#### [Task objective]
Please write out the entire listing below exactly, excluding its pictures.

#### [Dataset section]
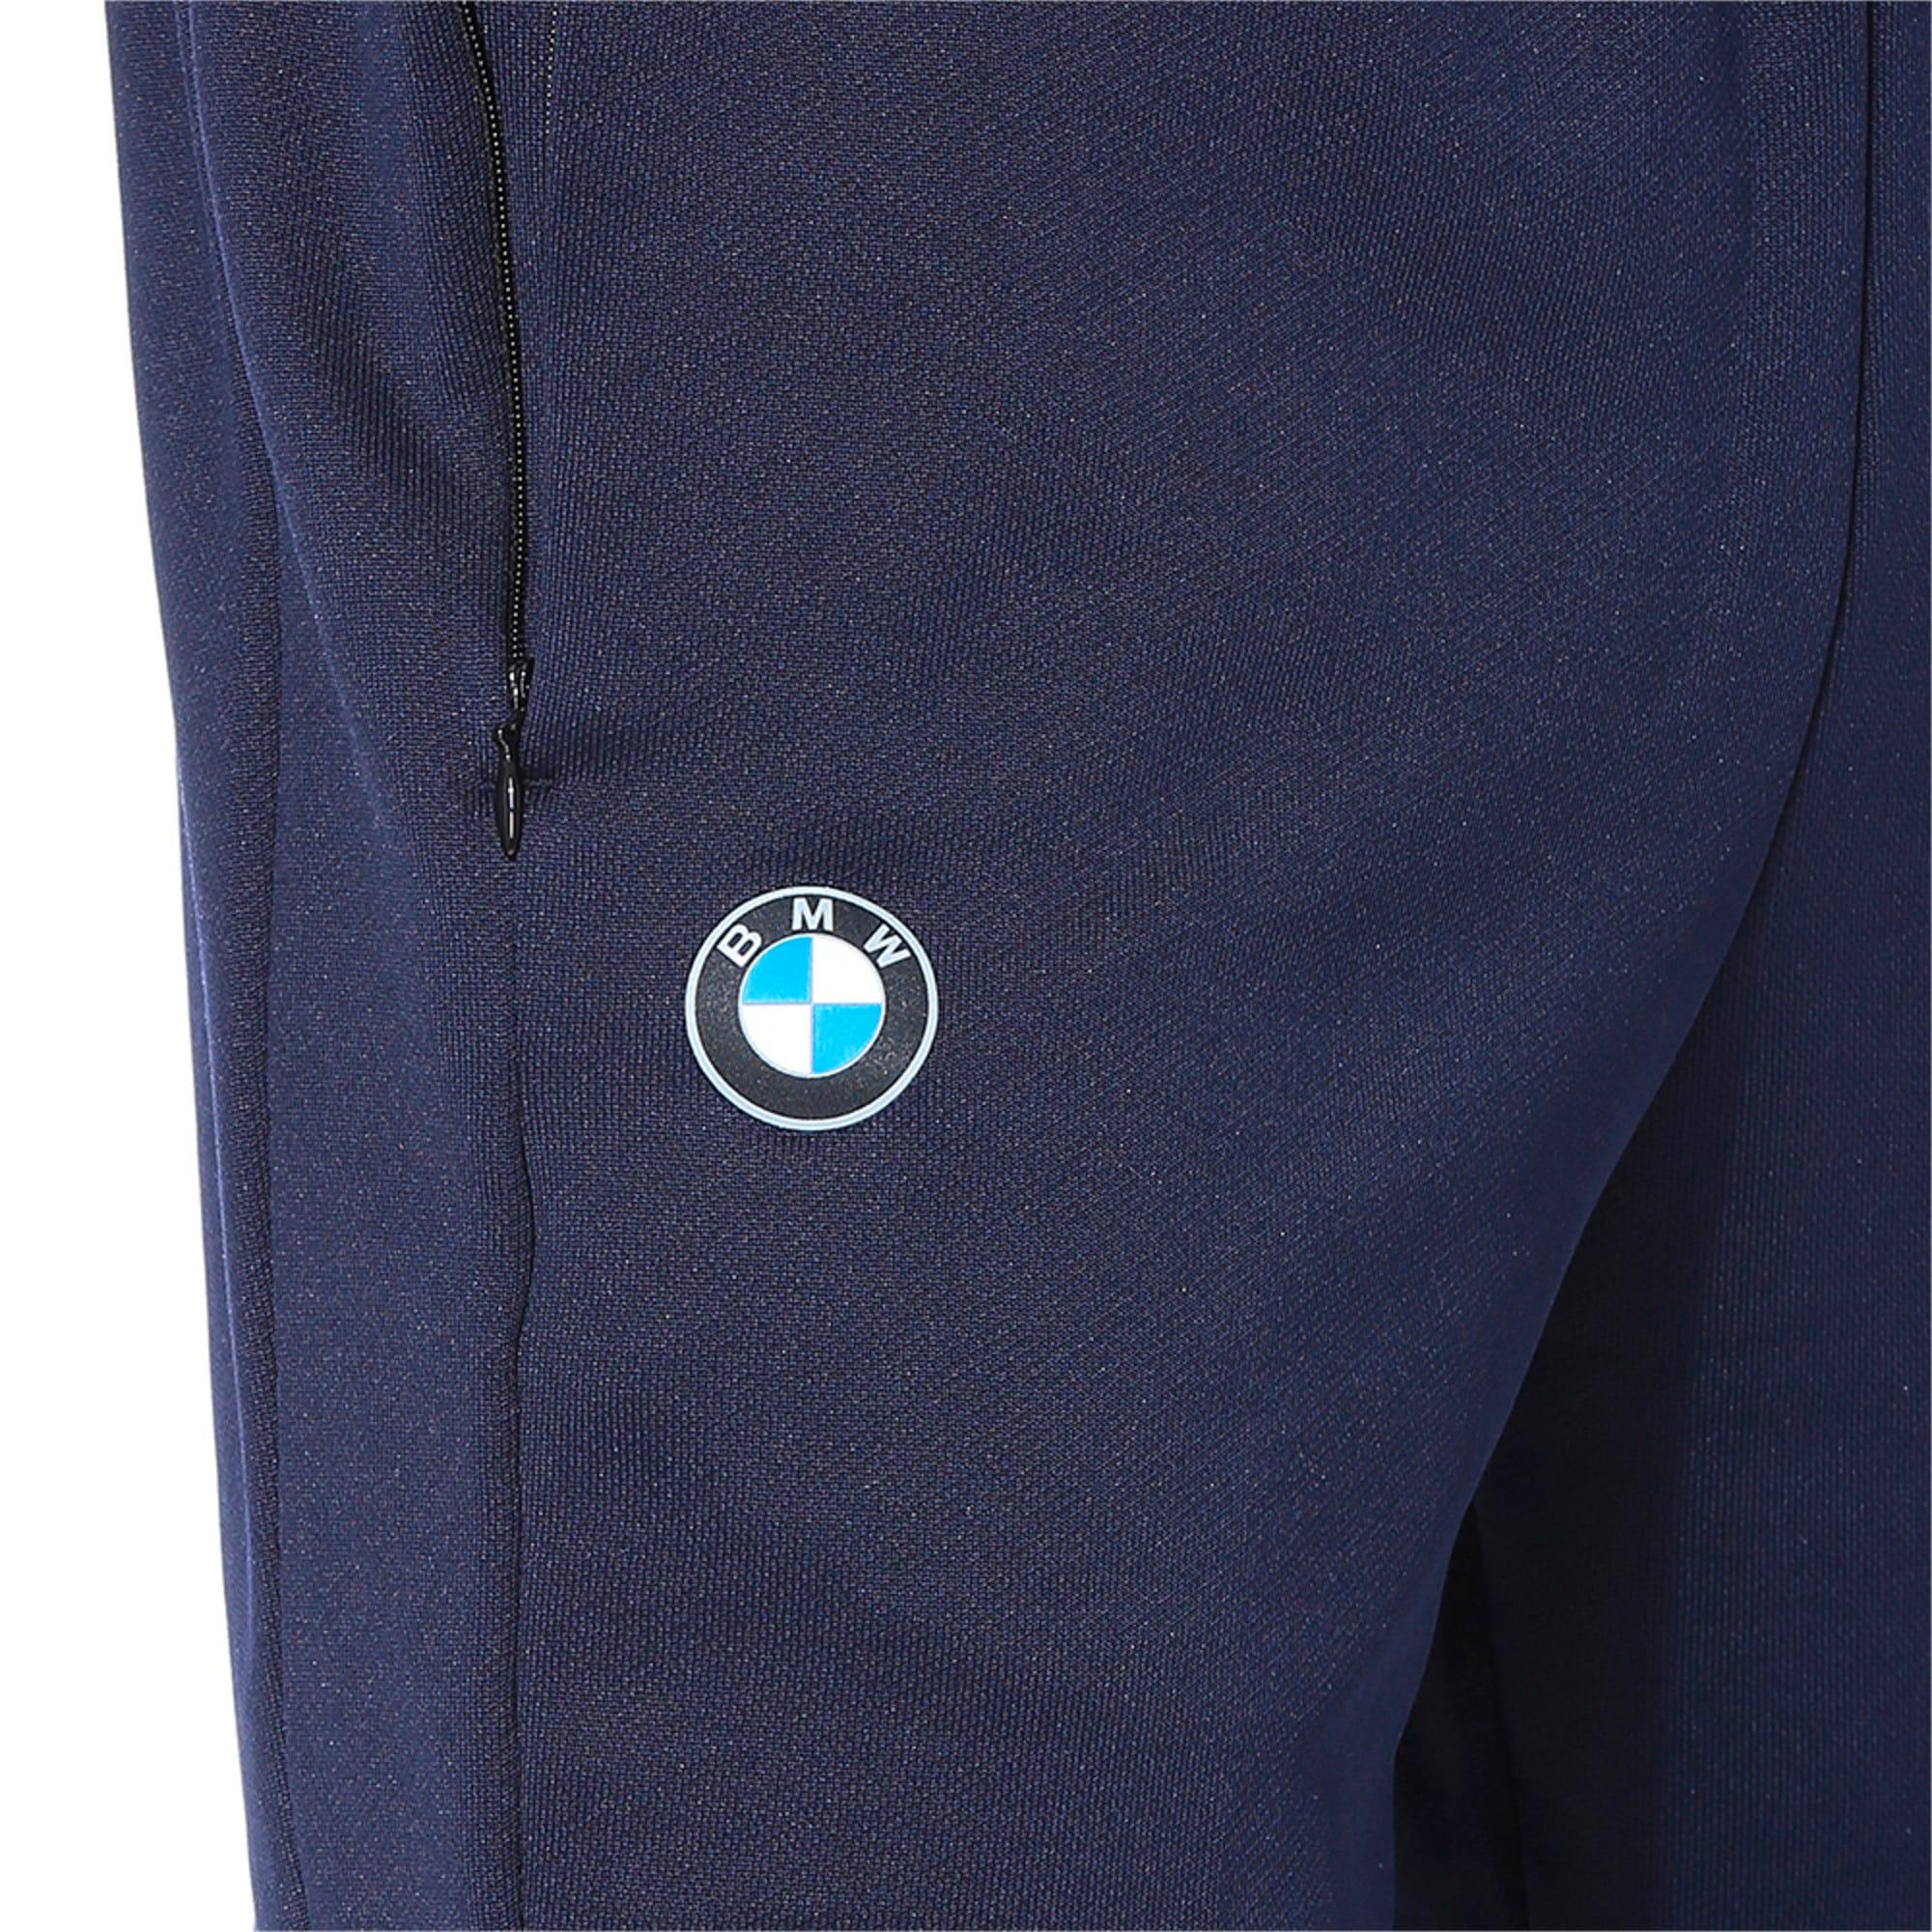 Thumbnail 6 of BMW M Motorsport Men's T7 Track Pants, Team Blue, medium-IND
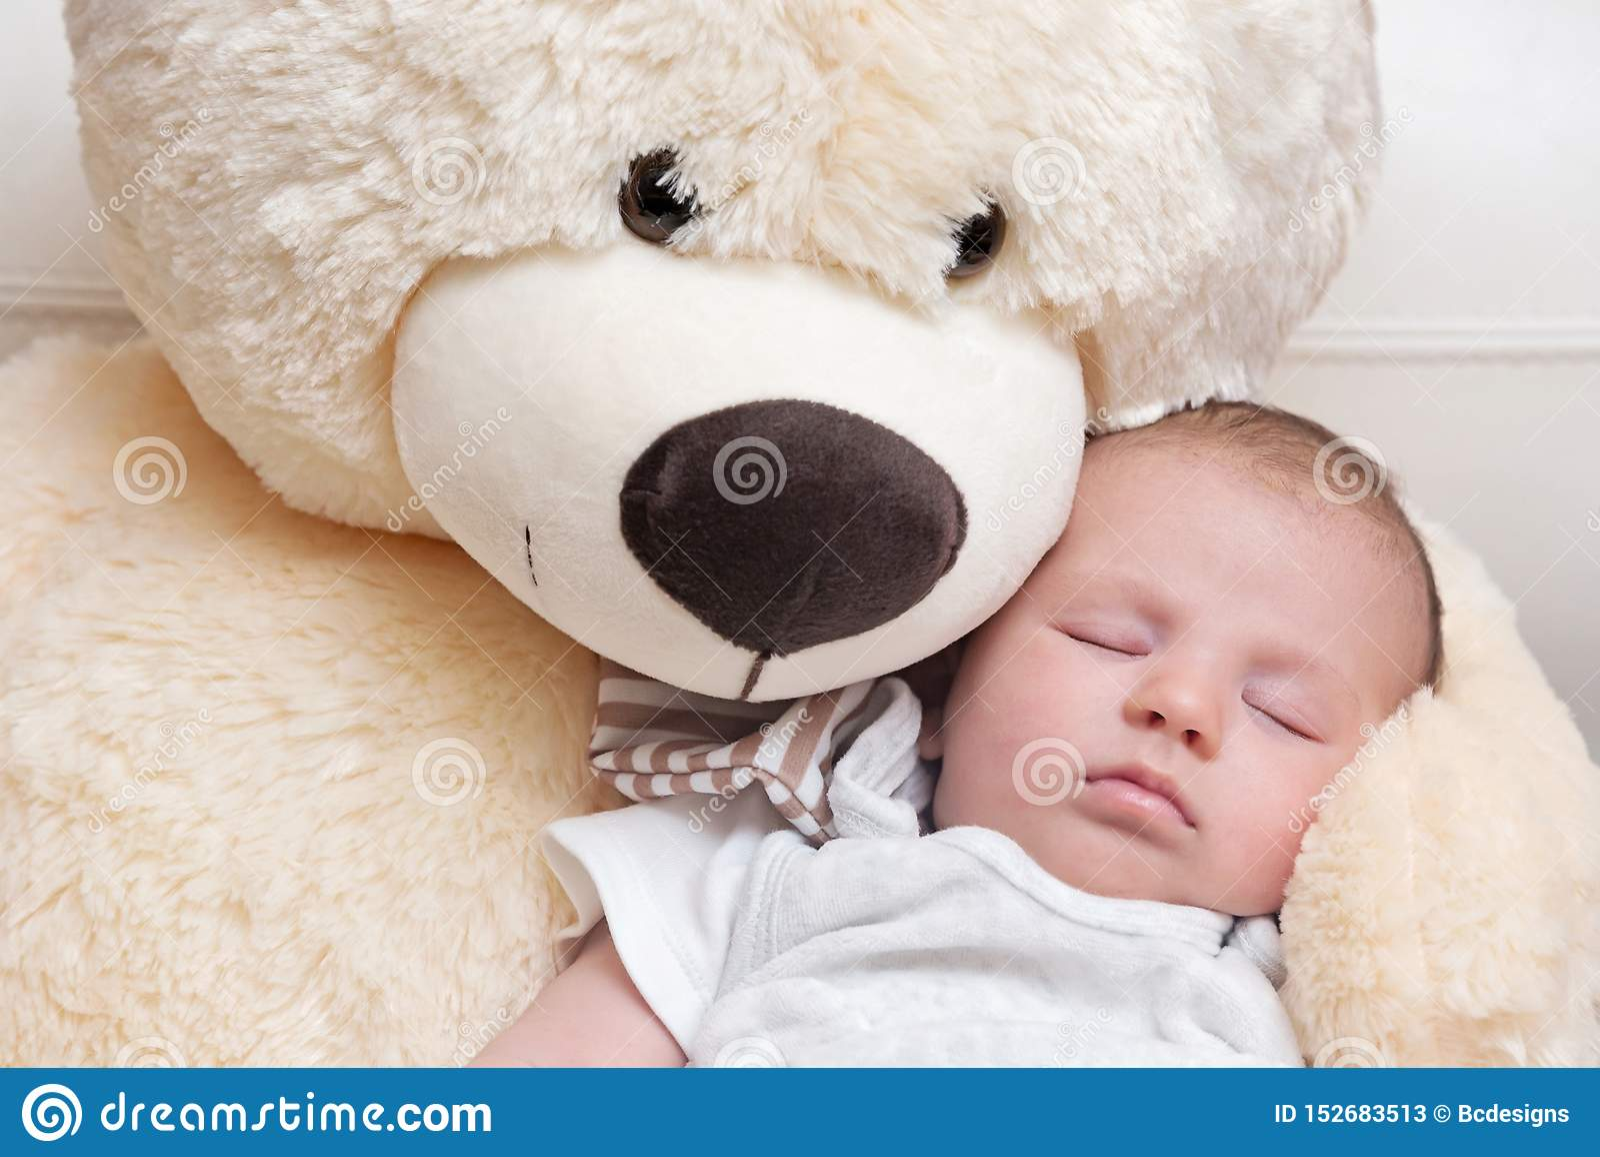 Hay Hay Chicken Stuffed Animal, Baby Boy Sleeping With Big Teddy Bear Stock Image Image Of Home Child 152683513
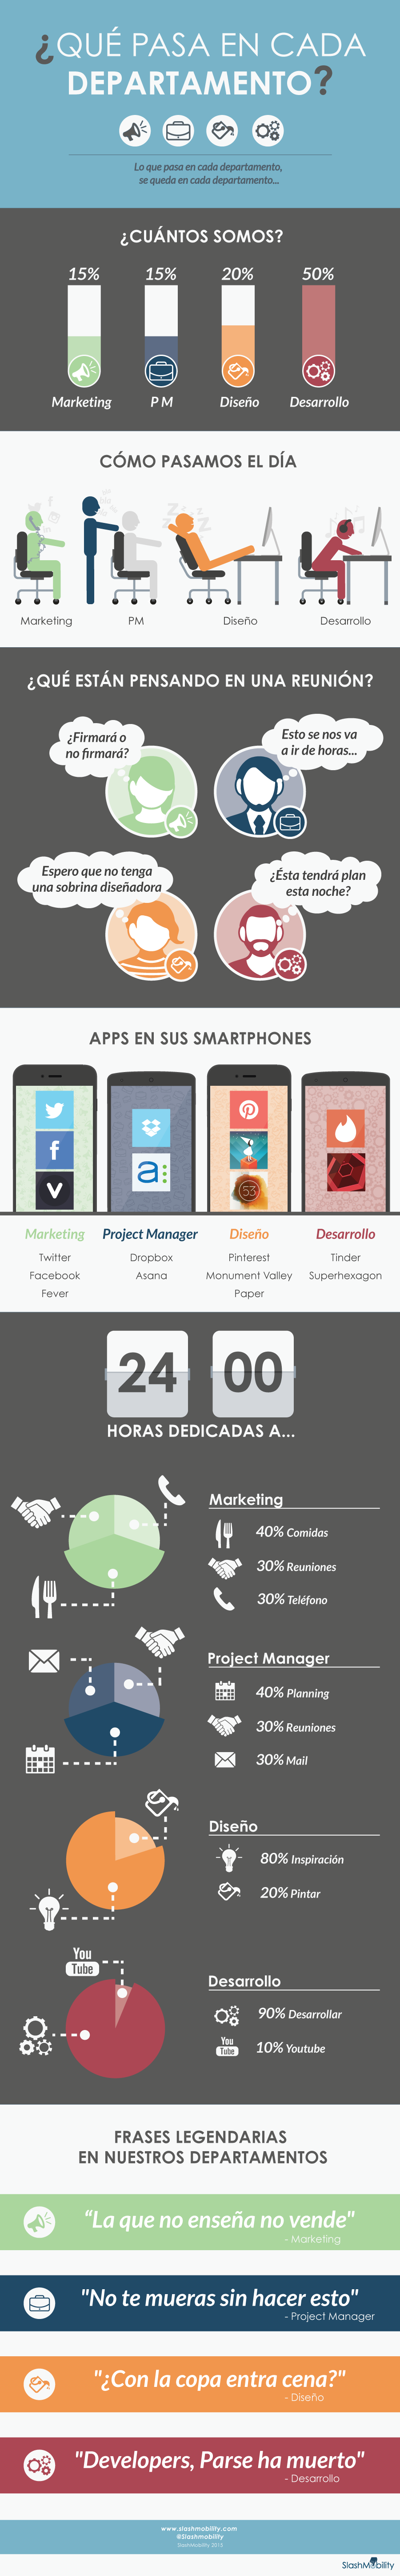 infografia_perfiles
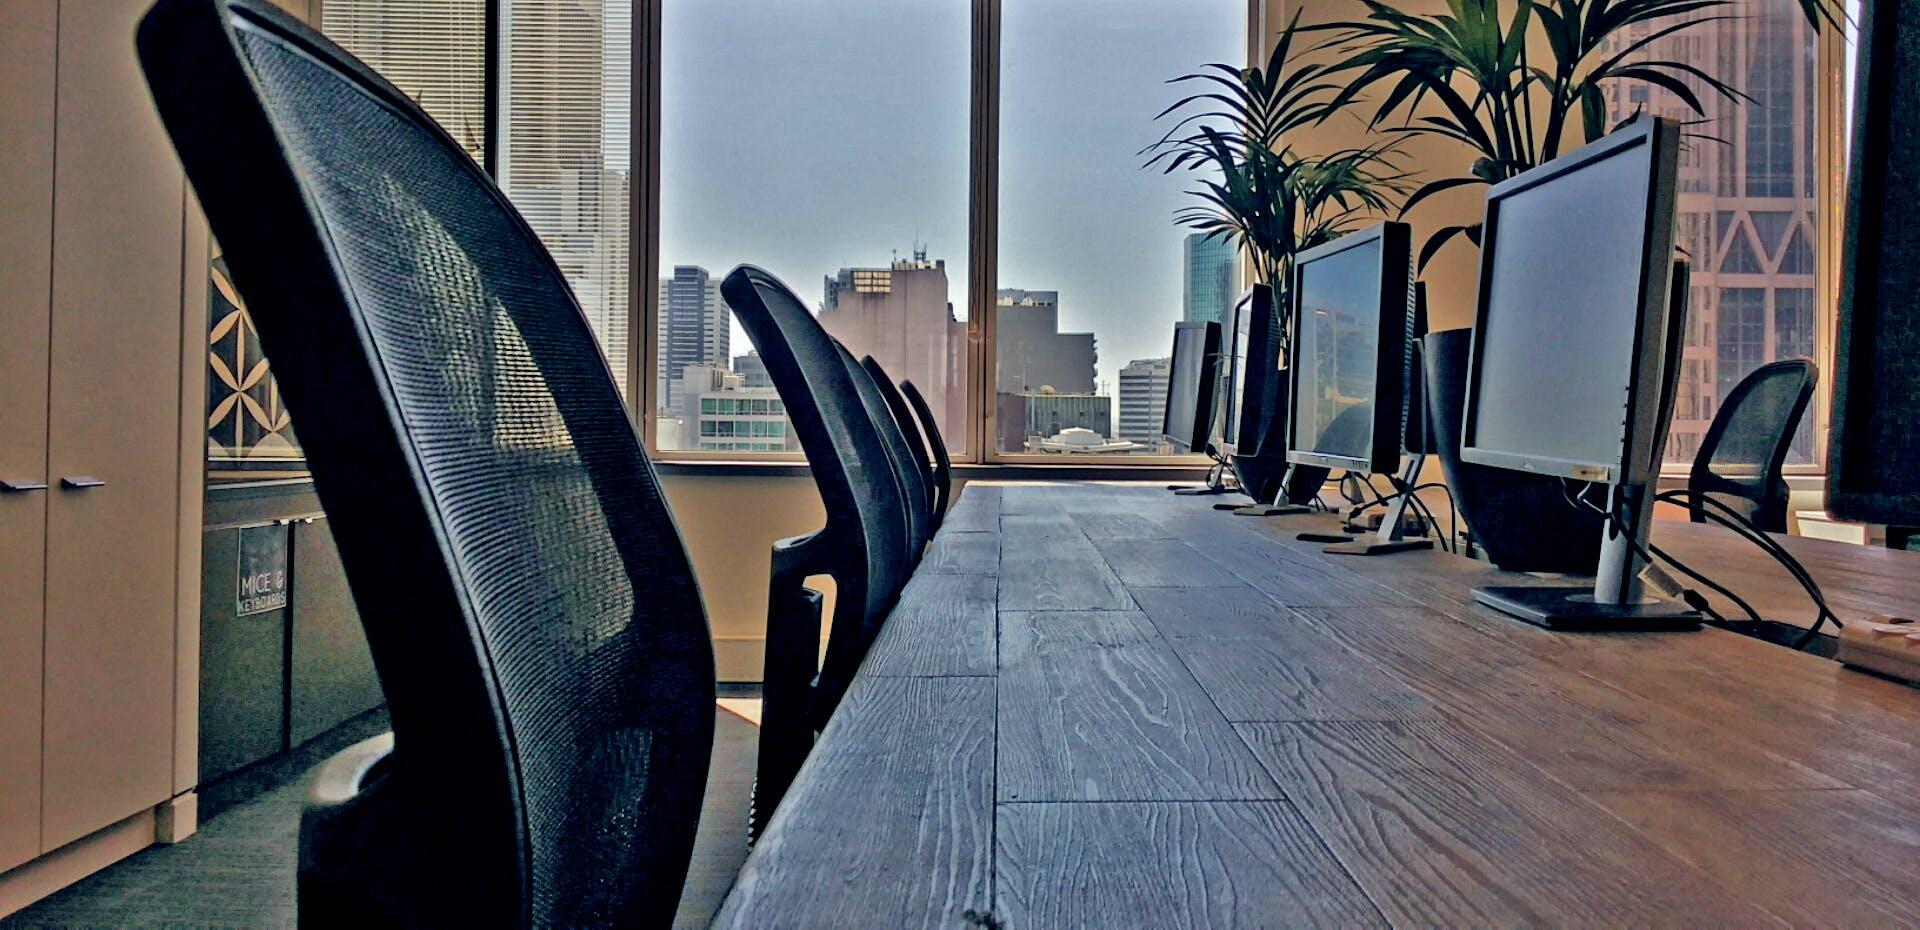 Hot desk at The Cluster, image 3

#### [Your response]
 Thumbnail 6 of BMW M Motorsport Men's T7 Track Pants, Team Blue, medium-IND
 Hay Hay Chicken Stuffed Animal, Baby Boy Sleeping With Big Teddy Bear Stock Image Image Of Home Child 152683513
 infografia_perfiles
 Hot desk at The Cluster, image 3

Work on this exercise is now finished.